“I’ve had a lot of frostbite and killed a lot of mosquitoes, but I wouldn’t trade one second of it for what we enjoyed when we lived here.”
A couple celebrating their 50th wedding anniversary took a trip back to Yellowknife this past week, to visit the place where they first met.
Martin and Lorraine Doyle met in Yellowknife 52 years ago while Lorraine was working with the correctional institute and Martin was working for Northwest Territorial aviation.
Martin remembers Lorraine that night, at the Yellowknife Inn bar, quite clearly.
“She had on this kind of a green sweater with green pearl-drop earrings and, I got to tell you, her smile and her laughter got my attention immediately,” Martin told Cabin Radio. “She’s got a very vibrant laugh and a great smile.”
Martin came up to Yellowknife in 1967, eventually moving with Lorraine to Norman Wells and then Inuvik.
“I love the North,” he said. “These were the best years of our lives.”
Lorraine ended up in the Northwest Territories after following her dad’s suggestion to apply for a job at the territorial government, just as Yellowknife was being named the territory’s administrative capital.
In a few weeks, she was on a plane flying into town.
“It was just an incredible experience,” she recalls.
Eventually, the Doyles moved south to Edmonton, Kaministiquia, and Calgary, where they have been living for the past 30 years.
‘Totally different here’
Martin said one of the big differences he sees in Yellowknife is its progress.
“This city!
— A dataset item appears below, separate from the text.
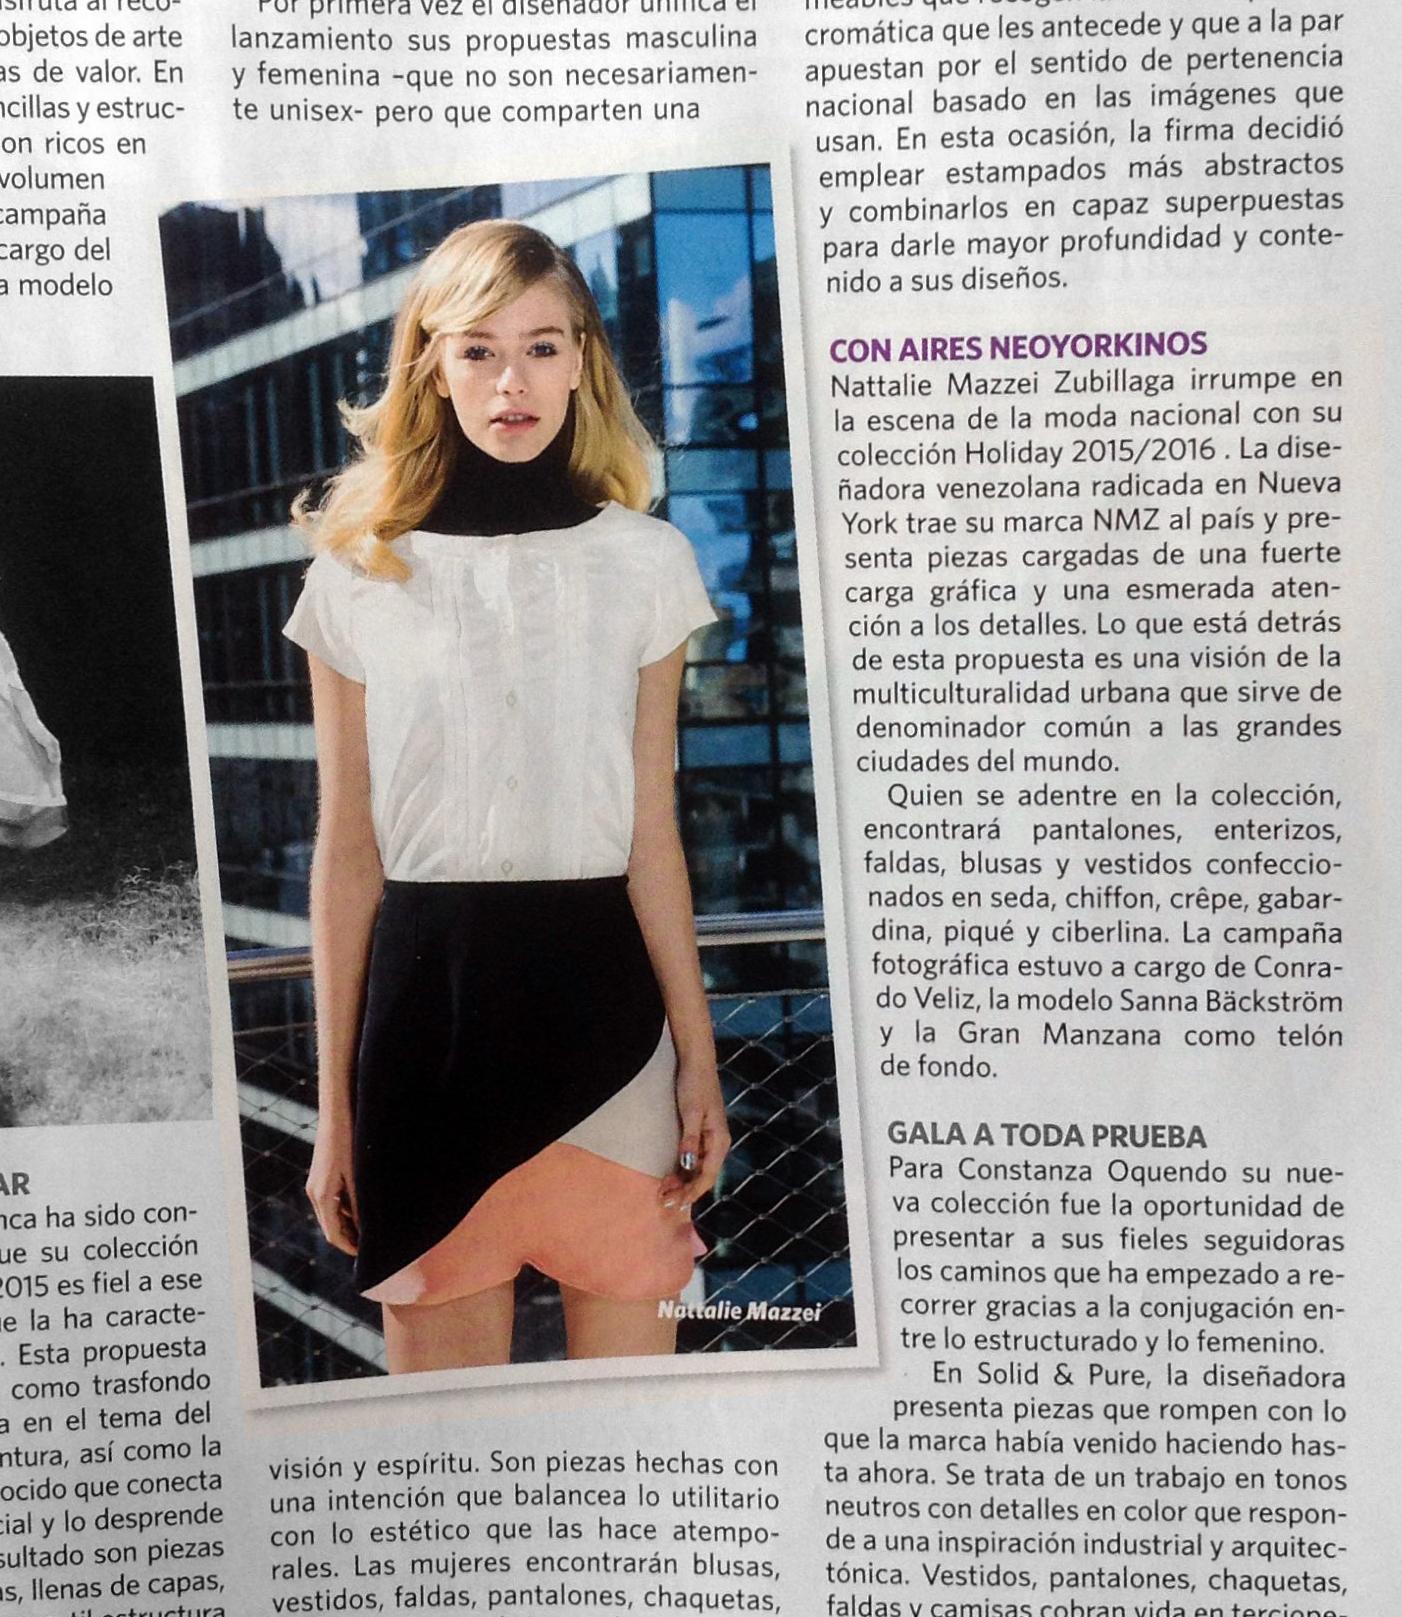 Revista VARIEDADES - Diciembre 2015

I mean, when we lived here, there were only 2,000 people and I remember when they put the first set of red lights in here. Everybody felt we were being invaded,” he said from his campsite at Fred Henne Territorial Park.
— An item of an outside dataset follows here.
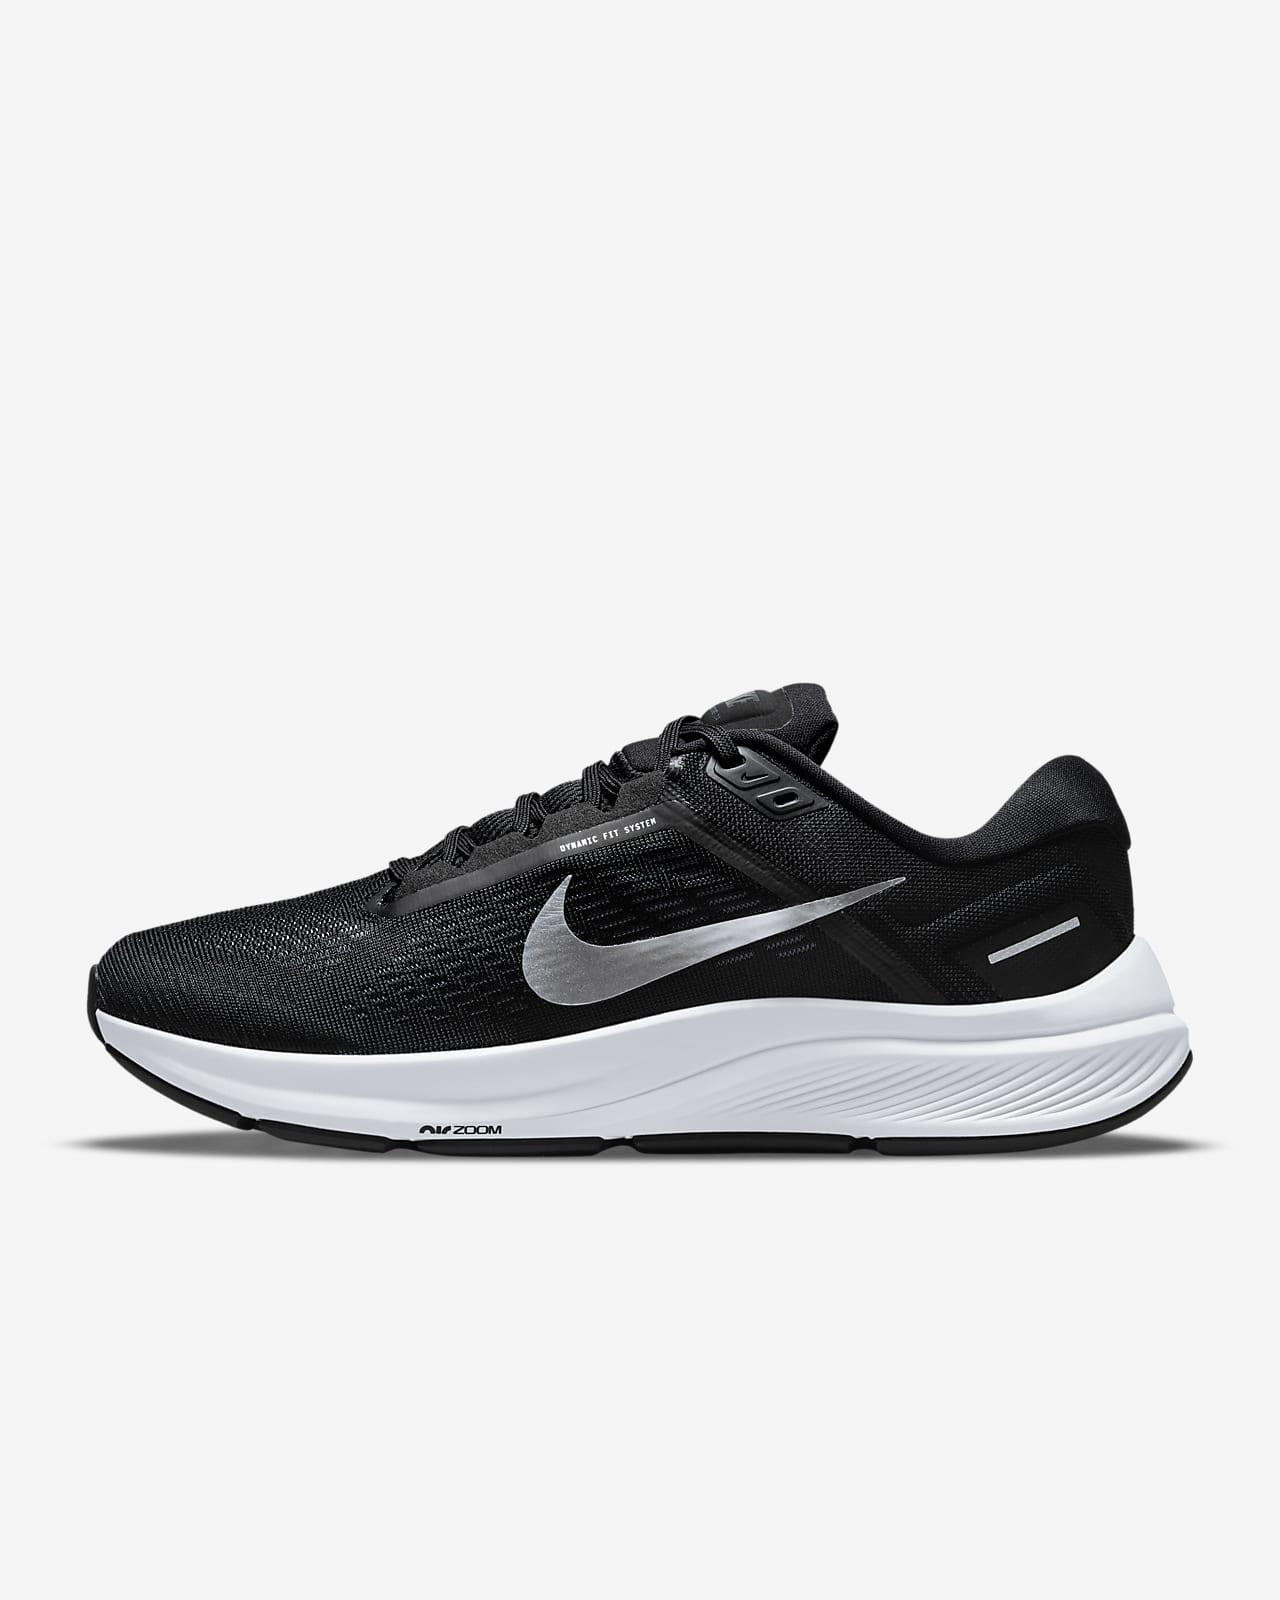 Scarpa da running su strada Nike Air Zoom Structure 24 - Uomo

“Now, we come up and we’re just stunned with the growth and the quality of the city.
“It’s the care that’s being given to the city – and the way it’s being built, I think, is commendable for the organizers and the residents here.”
The things Lorraine liked the most about Yellowknife were the sense of community and the local sports teams.
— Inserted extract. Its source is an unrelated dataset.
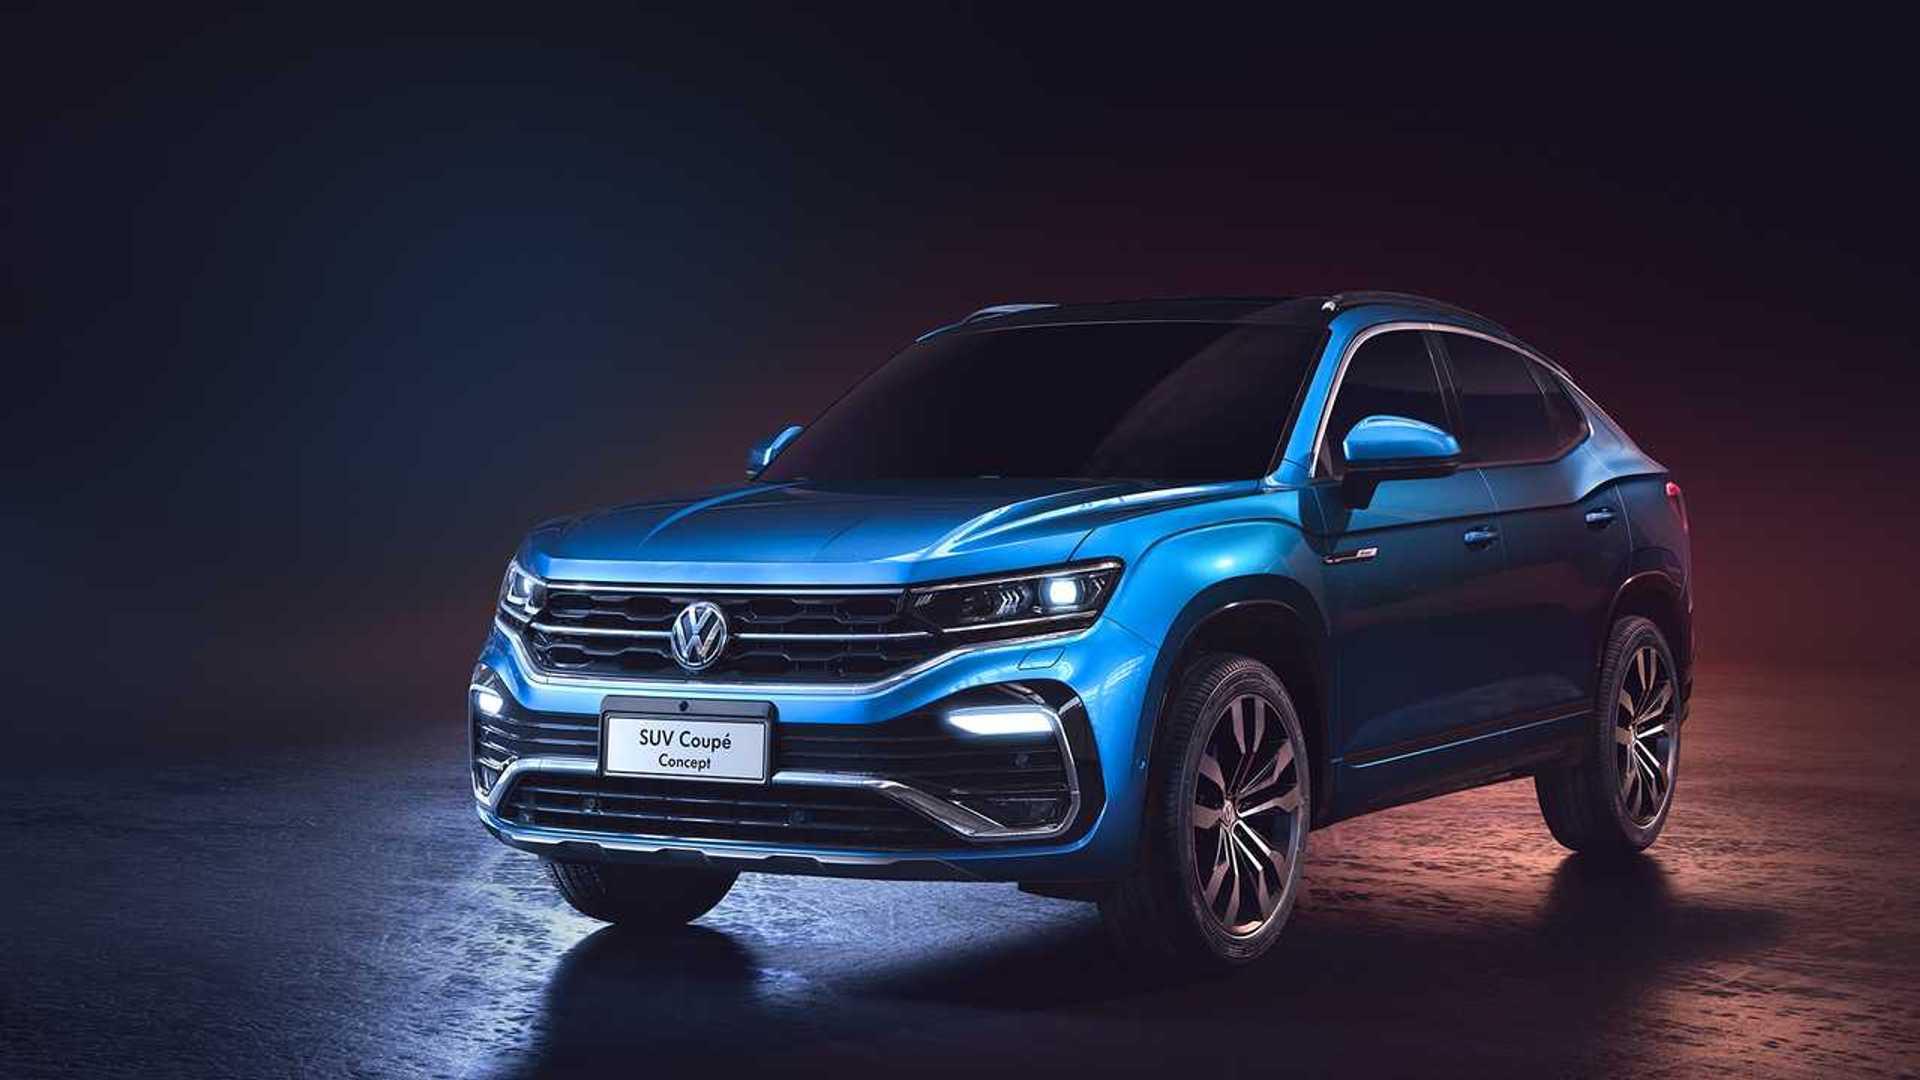 Volkswagen показал в Китае SUV Coupe Concept

“What I loved is the baseball in the summer and the curling in the winter,” she recalled. “It was just so much fun. I’ve played ball down south, but it was a totally different feeling up here, like more community.”
Through the ice
Martin told the story of the time a Bristol Freighter broke through the ice at Snowdrift – now Łutselkʼe – leading to a salvage operation.
“We salvaged everything we could and took it over to Snowdrift, there was still enough ice on the lake,” said Martin.
Fred Henne – the namesake of the campsite hosting their anniversary celebration – came to the rescue with a barge to load all the supplies they salvaged from the lake.
“We discovered that we had to keep two pumps running all the time because the barge had so many leaks in it, it was threatening to sink,” Martin recalled.
Before the crews started loading the barge, they dug into the home-cooked meal Fred Henne brought with him.
“Fred had the good foresight … to bring enough food for all of us, because we had been going for quite a while,” said Martin. “I won’t say who it was, but someone had the good sense to bring along a couple bottles of rum which we got into.
“I remember coming around into Yellowknife Bay with those two bilge pumps making all kinds of smoke and two huge engines on this barge. It was about six o’clock but it was full daylight and I know we made a sight coming into the harbour.”
Martin and Lorraine are heading back home to Calgary now, but Yellowknife left a lasting impression on them.
“I think Yellowknifers are among the luckiest people on Earth to be able to live up here,” repeated Martin, numerous times.
This is not the first time the couple have visited Yellowknife since they left, and Lorraine said it certainly won’t be their last.
“We hope to make a family trip up here and bring our daughters, and son, and grandchildren,” she said.